Understanding Word Problems in Mathematics
Introduction
Assalamualikum dear students, today we are going to solve a word problem. In this article, we will be discussing a specific word problem where we need to determine the age of a woman based on certain given information. So let's dive right in!
The Problem
Our problem statement is as follows: "A woman is now three times as old as her son. In 10 years, the sum of their ages will be 76. How old was the woman when her son was born?"
Solution
Let's break down the problem step by step to find the solution.
Step 1: Determine the Current Ages
First, let's assign variables to the ages of the woman and her son. Let's represent the woman's age as 'w' and the son's age as 's'.
Based on the given information, we know that the woman is currently three times as old as her son. Therefore, we can write the equation: w = 3s.
Step 2: Calculate the Current Ages
Since we don't have the specific ages of the woman and her son, we need to work with the relative values.
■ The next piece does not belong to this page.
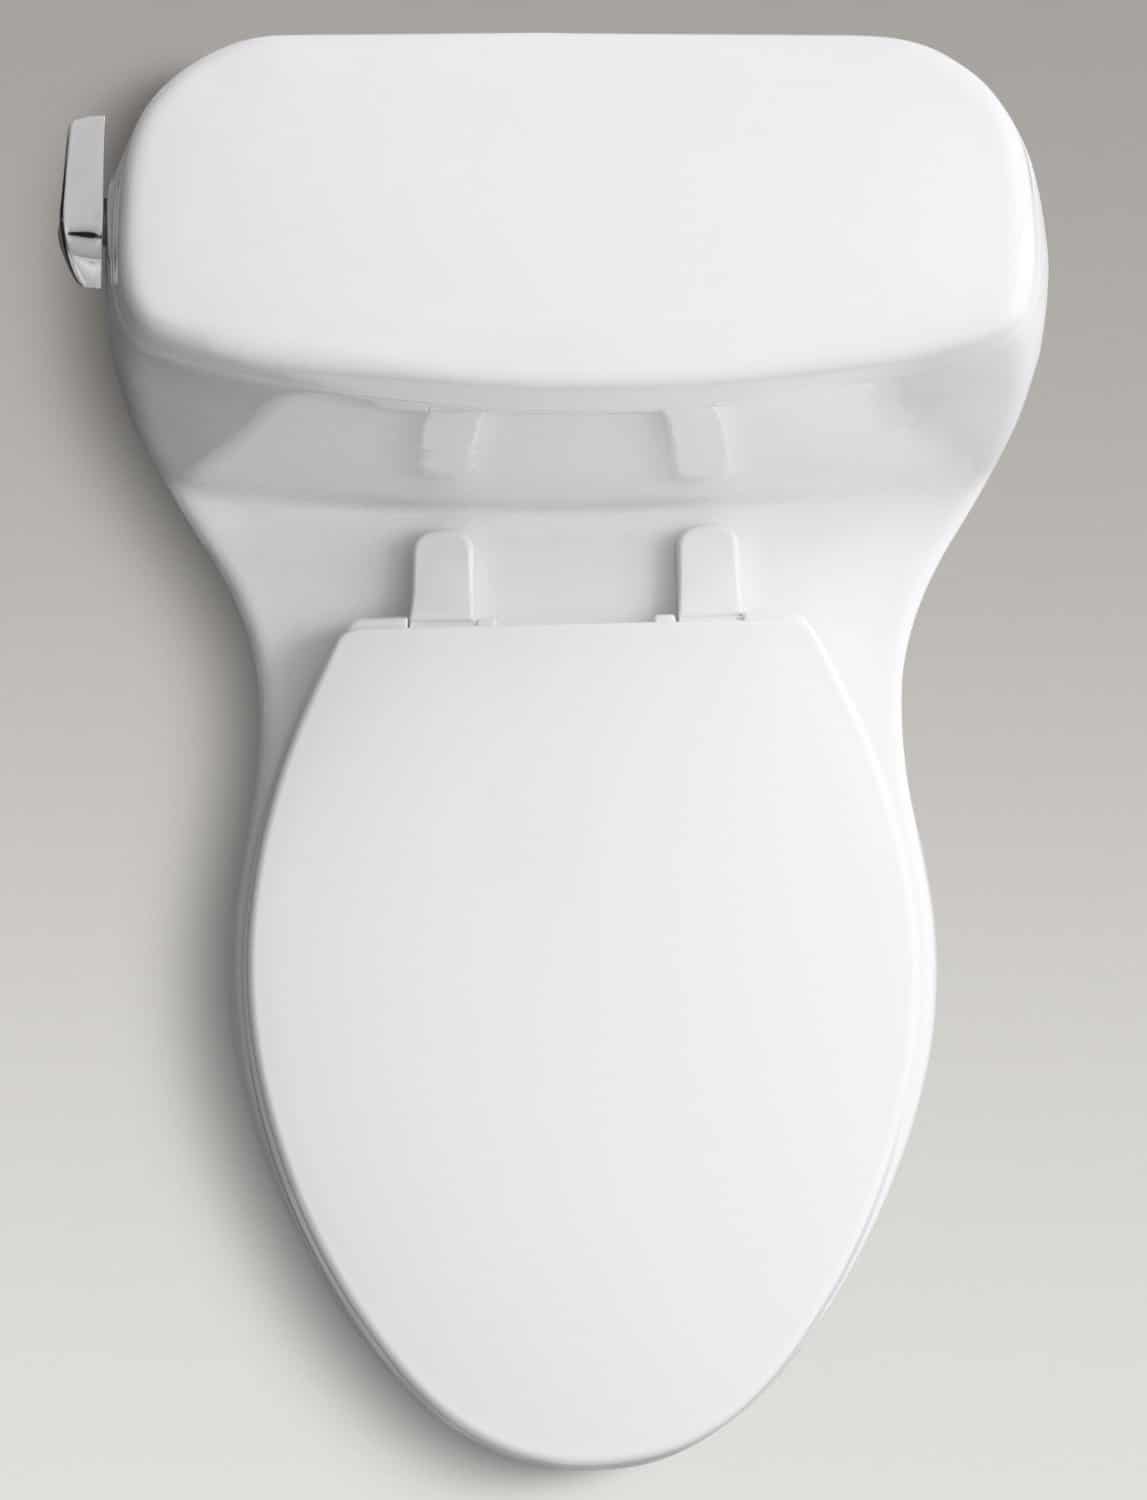 kohler-3810-0-santa-rosa-toilet-review-shop-toilet

Let's assume the son's age is '1'. Using this assumption, we can calculate the woman's age.
Substituting the value of 's' as 1 in the equation w = 3s, we get w = 3(1) = 3.
Step 3: Determine the Future Ages
According to the problem, in 10 years, the sum of their ages will be 76. Let's calculate the future ages.
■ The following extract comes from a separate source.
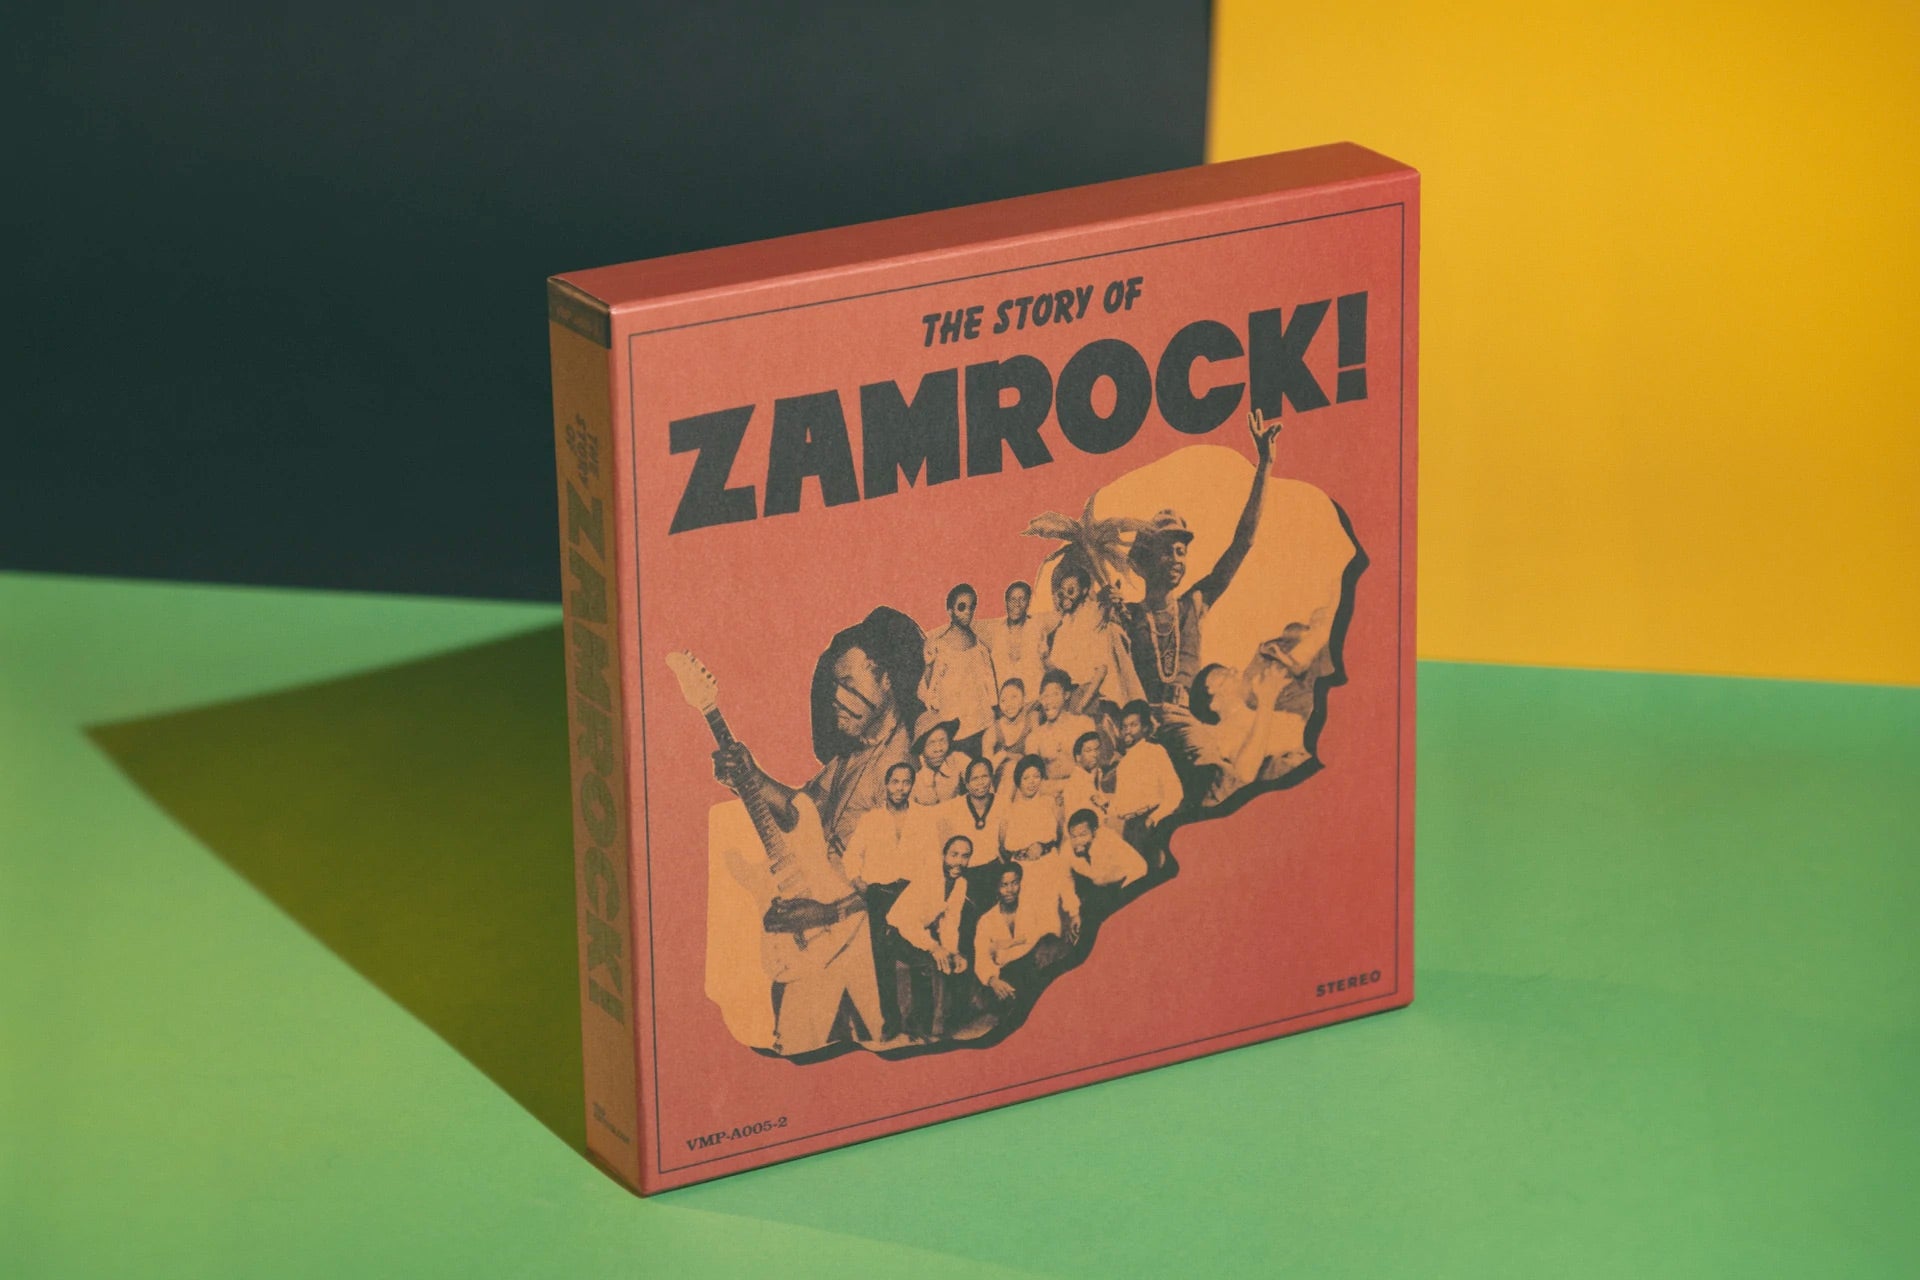 The Story of Zamrock: 8-album box set

We add 10 years to both the woman's and son's current ages. The woman's age will be w + 10 and the son's age will be s + 10.
So, we can write the equation: (w + 10) + (s + 10) = 76.
Step 4: Solve the Equation
Now, let's solve the equation to find the ages of the woman and her son in the future.
Simplifying the equation, we get: w+ s + 20 = 76.
now substitute w=3s into the equation : 3s+s+20 = 76.
4s+20=76
subtract -76 from both sides; 4s+20-76=76-76
4s-56=0
4s=56
s=56/4
s=14/1
s=14
put s=14 in the equation we get W=3s
women=3 multiply by 14
women =42 ans
how old are women when her son was born to find this statement we have to minus son's age from women's age:
women=42-14
women=38
thus the women was 38 years old when her baby was born.
The correct answer is 38 years old. Ans!
Conclusion
Based on the given information and calculations, we have determined that the woman's age, when her son was born, is 38 years old. This problem showcases the application of algebraic equations to solve word problems in mathematics.
Keep Practicing!
Word problems can be challenging, but with practice, you can become proficient at solving them. Remember to break down the problem into smaller steps, assign variables, and solve the equations systematically. Keep practicing, and soon you'll excel at word problems!